• **TASK TO CARRY OUT**
Please return all lines in the listing holding the word "after".

• **EXERCISE DATA**
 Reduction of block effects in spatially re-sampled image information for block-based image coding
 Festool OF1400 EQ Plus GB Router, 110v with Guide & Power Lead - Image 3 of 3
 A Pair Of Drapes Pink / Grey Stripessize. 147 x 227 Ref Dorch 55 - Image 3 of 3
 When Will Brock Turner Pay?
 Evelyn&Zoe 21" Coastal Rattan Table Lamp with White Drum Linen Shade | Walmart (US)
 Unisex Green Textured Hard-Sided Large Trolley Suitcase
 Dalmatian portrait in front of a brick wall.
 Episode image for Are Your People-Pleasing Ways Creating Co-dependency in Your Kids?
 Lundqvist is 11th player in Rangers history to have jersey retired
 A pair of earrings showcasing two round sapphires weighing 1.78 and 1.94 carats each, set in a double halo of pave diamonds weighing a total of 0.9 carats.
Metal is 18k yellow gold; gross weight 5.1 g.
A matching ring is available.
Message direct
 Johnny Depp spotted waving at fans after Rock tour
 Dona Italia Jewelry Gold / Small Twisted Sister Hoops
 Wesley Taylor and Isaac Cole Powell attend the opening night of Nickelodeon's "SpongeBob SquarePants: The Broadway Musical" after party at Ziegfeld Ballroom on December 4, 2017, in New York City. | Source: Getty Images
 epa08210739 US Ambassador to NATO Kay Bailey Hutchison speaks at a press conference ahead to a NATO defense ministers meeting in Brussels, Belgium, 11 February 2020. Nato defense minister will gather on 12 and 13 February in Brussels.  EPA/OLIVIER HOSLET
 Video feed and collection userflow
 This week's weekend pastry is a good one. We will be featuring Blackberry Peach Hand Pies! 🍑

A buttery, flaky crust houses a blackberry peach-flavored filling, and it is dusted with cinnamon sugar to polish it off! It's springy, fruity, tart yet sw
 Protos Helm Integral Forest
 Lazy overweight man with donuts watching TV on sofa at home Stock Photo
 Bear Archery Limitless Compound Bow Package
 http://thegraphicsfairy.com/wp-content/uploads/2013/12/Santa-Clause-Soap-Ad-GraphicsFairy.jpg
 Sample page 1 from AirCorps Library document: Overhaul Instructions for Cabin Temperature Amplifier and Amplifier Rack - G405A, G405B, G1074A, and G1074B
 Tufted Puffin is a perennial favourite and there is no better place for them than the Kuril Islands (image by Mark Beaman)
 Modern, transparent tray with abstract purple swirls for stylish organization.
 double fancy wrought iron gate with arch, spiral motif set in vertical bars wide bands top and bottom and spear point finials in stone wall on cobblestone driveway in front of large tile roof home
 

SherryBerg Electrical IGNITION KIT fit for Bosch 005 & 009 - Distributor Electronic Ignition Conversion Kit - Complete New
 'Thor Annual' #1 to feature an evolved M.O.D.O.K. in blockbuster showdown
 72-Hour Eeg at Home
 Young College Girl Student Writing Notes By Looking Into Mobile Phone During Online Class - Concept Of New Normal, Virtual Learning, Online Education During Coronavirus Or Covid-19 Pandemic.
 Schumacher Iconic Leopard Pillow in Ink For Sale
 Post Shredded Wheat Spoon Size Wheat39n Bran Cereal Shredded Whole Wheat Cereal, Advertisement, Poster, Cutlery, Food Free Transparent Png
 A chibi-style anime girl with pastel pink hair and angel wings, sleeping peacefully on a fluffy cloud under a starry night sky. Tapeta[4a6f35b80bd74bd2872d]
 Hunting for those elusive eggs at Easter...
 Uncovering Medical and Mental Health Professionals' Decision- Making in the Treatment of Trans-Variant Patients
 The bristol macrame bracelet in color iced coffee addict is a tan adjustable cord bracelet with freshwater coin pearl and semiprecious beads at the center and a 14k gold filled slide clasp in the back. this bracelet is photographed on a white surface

• **EXERCISE ANSWER**
 Johnny Depp spotted waving at fans after Rock tour
 Wesley Taylor and Isaac Cole Powell attend the opening night of Nickelodeon's "SpongeBob SquarePants: The Broadway Musical" after party at Ziegfeld Ballroom on December 4, 2017, in New York City. | Source: Getty Images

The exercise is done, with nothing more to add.